An art career includes a variety of jobs involved in creating works of brilliance, clothing design, photography, painting and decorating. As an artist, you must be able to perceive the world in ways never imagined. Although certain careers in art can require training and education (especially as it relates to learning how to use equipment), the most successful artists are born with innate abilities and talents.
Science is full of endless possibilities as new discoveries and breakthroughs are being made every day. There will always be a need for new researchers to carry discoveries in medicine, environmental science, and engineering further. If you have a logical, curious mind, and enjoy subjects such as chemistry, physics, and math, a science career is waiting for you.
If you have a love of animals, why not consider an animal career? Sure, working as a veterinarian probably comes to mind, but if you have no interest in animal medicine, there are plenty of other options. For instance, you could spend your days at the zoo as a specialist. You could study animal psychology. You could work as an animal trainer on Hollywood movie sets. A love of animals and deep knowledge about their behaviors can really take you places!

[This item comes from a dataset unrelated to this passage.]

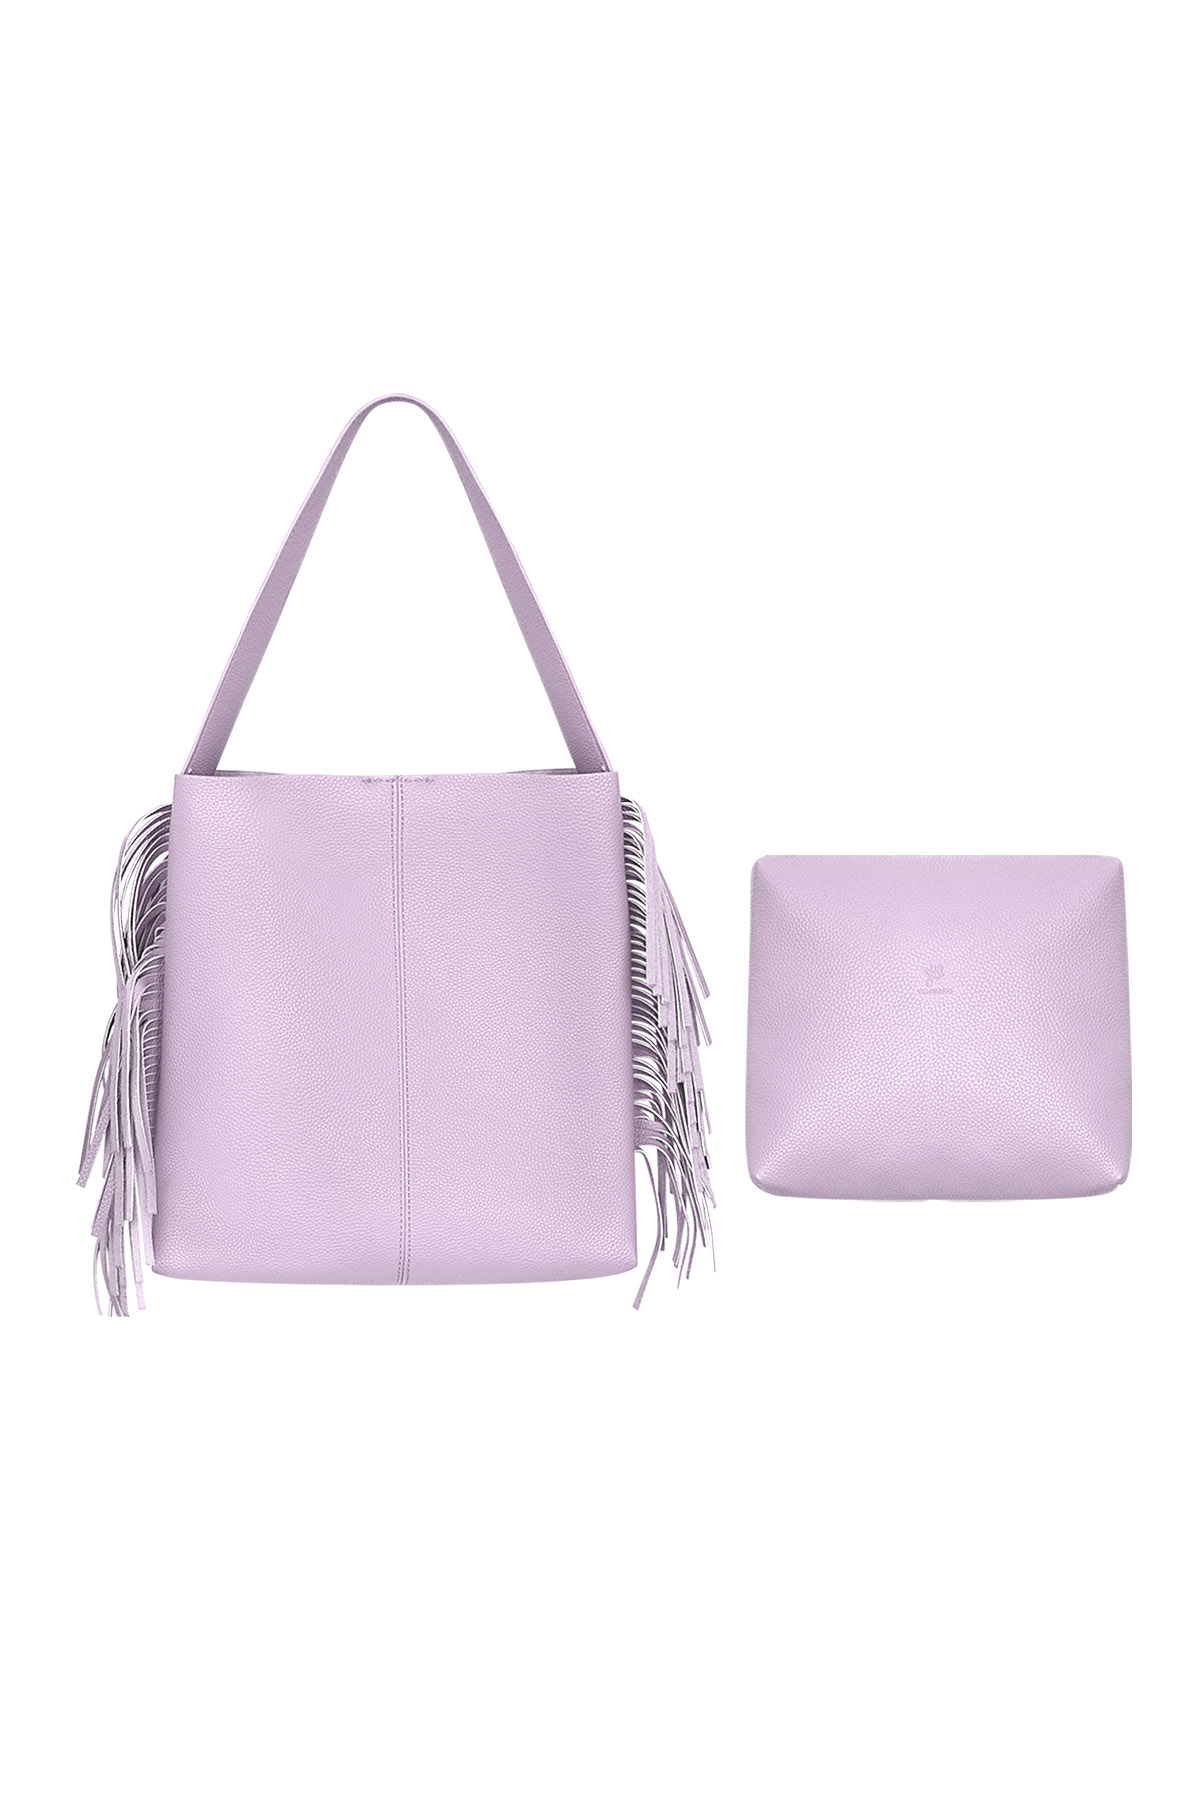 Handbag fringes - purple PU h5

Information technology is advancing at incredible rates. Whether you love video game design, application development, database administration, or dream of creating a startup that revolutionizes the world, a computer career is where it can happen. Just check out a list of computer related jobs and you can see the explosive growth in this field. You will need a sharp mind and a lot of concentration in order to master a programming language. You must also have a love of learning. Since apps and gadgets are continuously being rendered obsolete by new inventions, you will constantly be updating your knowledge and taking courses throughout your career.
Enjoy today, but plan for your future
The careers discussed in this article are only the tip of the iceberg, but at the very least it can generate discussion. If you are in high school, it might be helpful to discuss your job aspirations with your guidance counselor. If you are already in college, set up a meeting with your academic advisor or head to the career services center. Consider getting a part-time job during the academic year or full-time work in the summer. It doesn’t even have to be connected to your future aspirations. Merely having work experience and responsibilities will serve you well, in addition to having a supervisor who can write you a good reference in the future. Of course, finding the right career also starts with being a good student. This means attending your classes, getting your work turned in, and meeting with your professor or instructor if you are struggling. You can also seek academic assistance from online education platform that helps students complete their essays and assignments.

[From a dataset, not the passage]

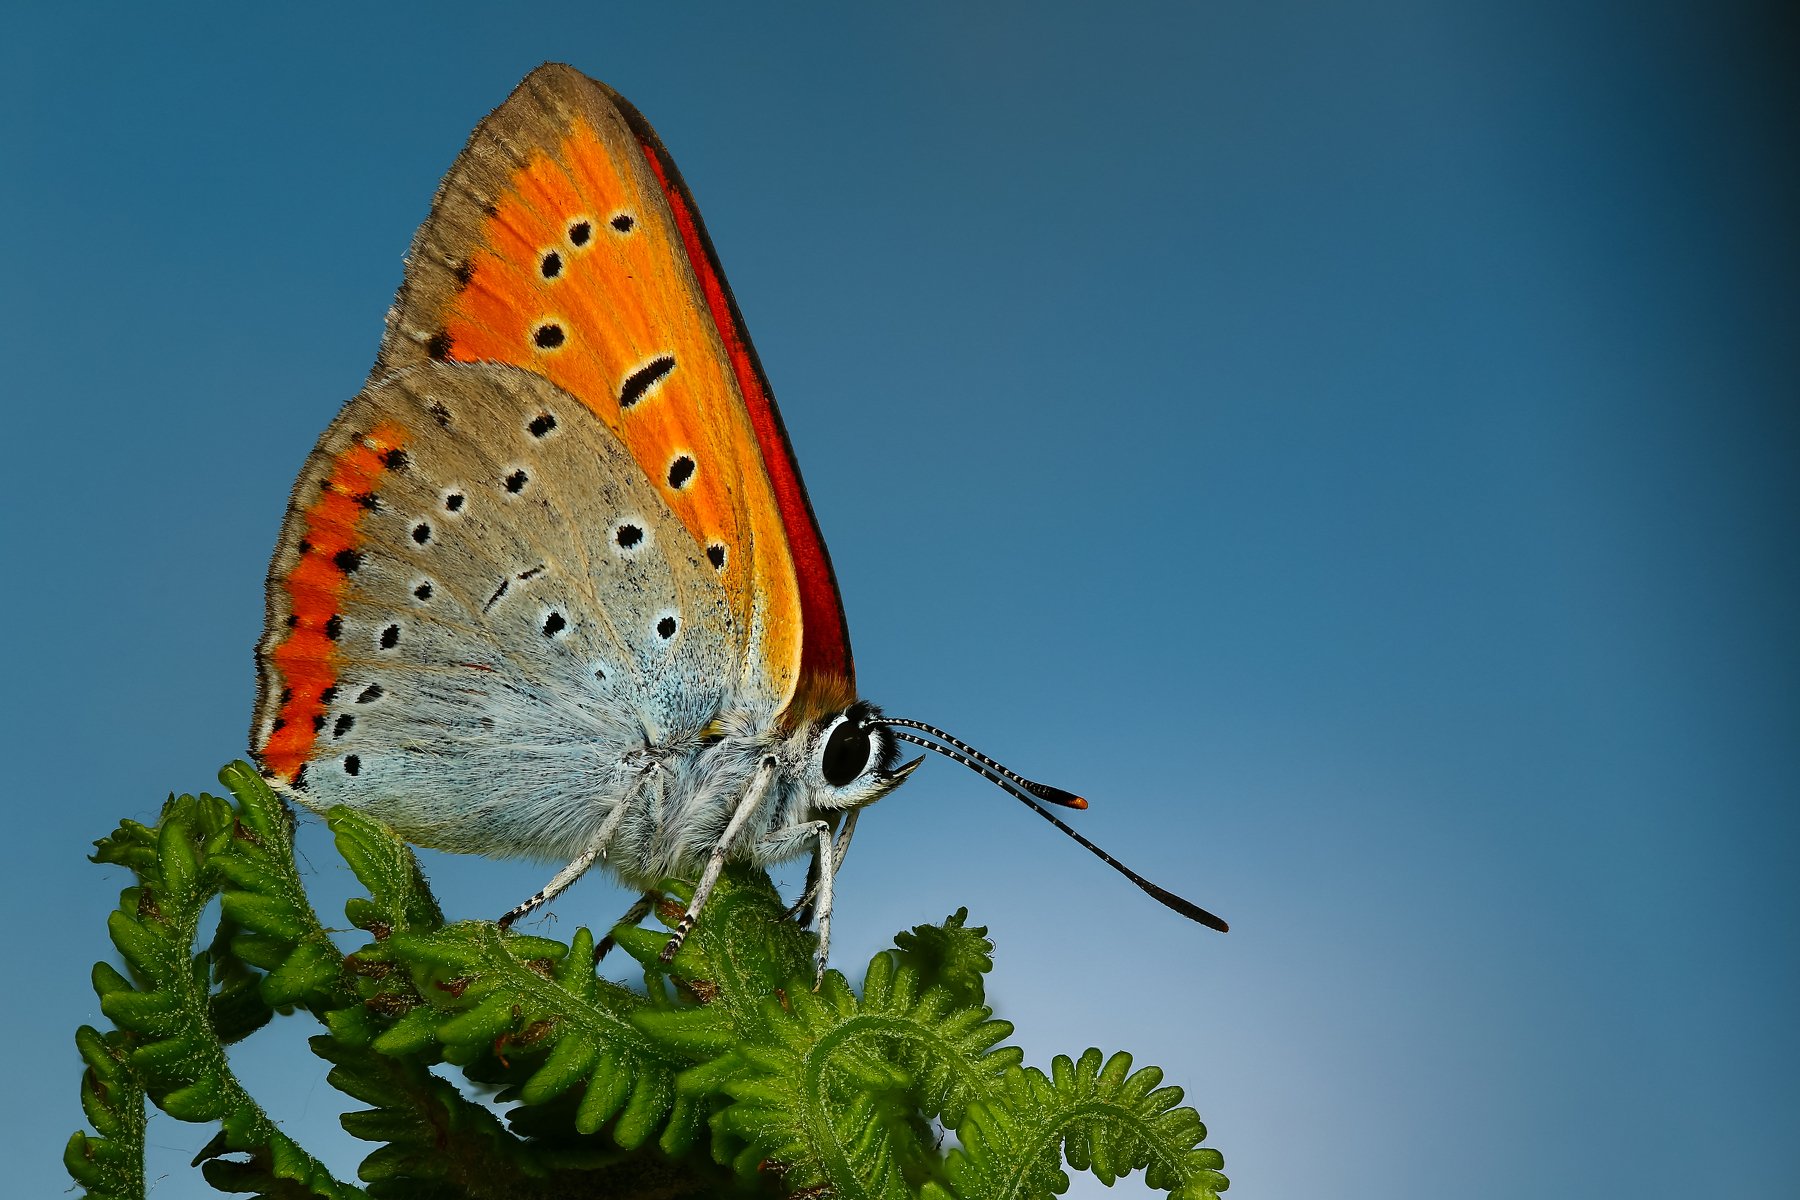 бабочка,макро,природа,усы,цвет,зеленый,растение,синий, Андрей Шаповалов

Finally, do not panic if you reach your mid-20s and still have no clue what you want to do. At the same time, recognize that a good job isn’t just going to fall into your lap. It takes effort and even some experimentation. Give an entry-level position a shot and if you don’t enjoy that field of work, move on to something else that might be a better match for your interests and skills. Just stay positive, motivated, keep an open mind, and be willing to work hard to achieve what you want.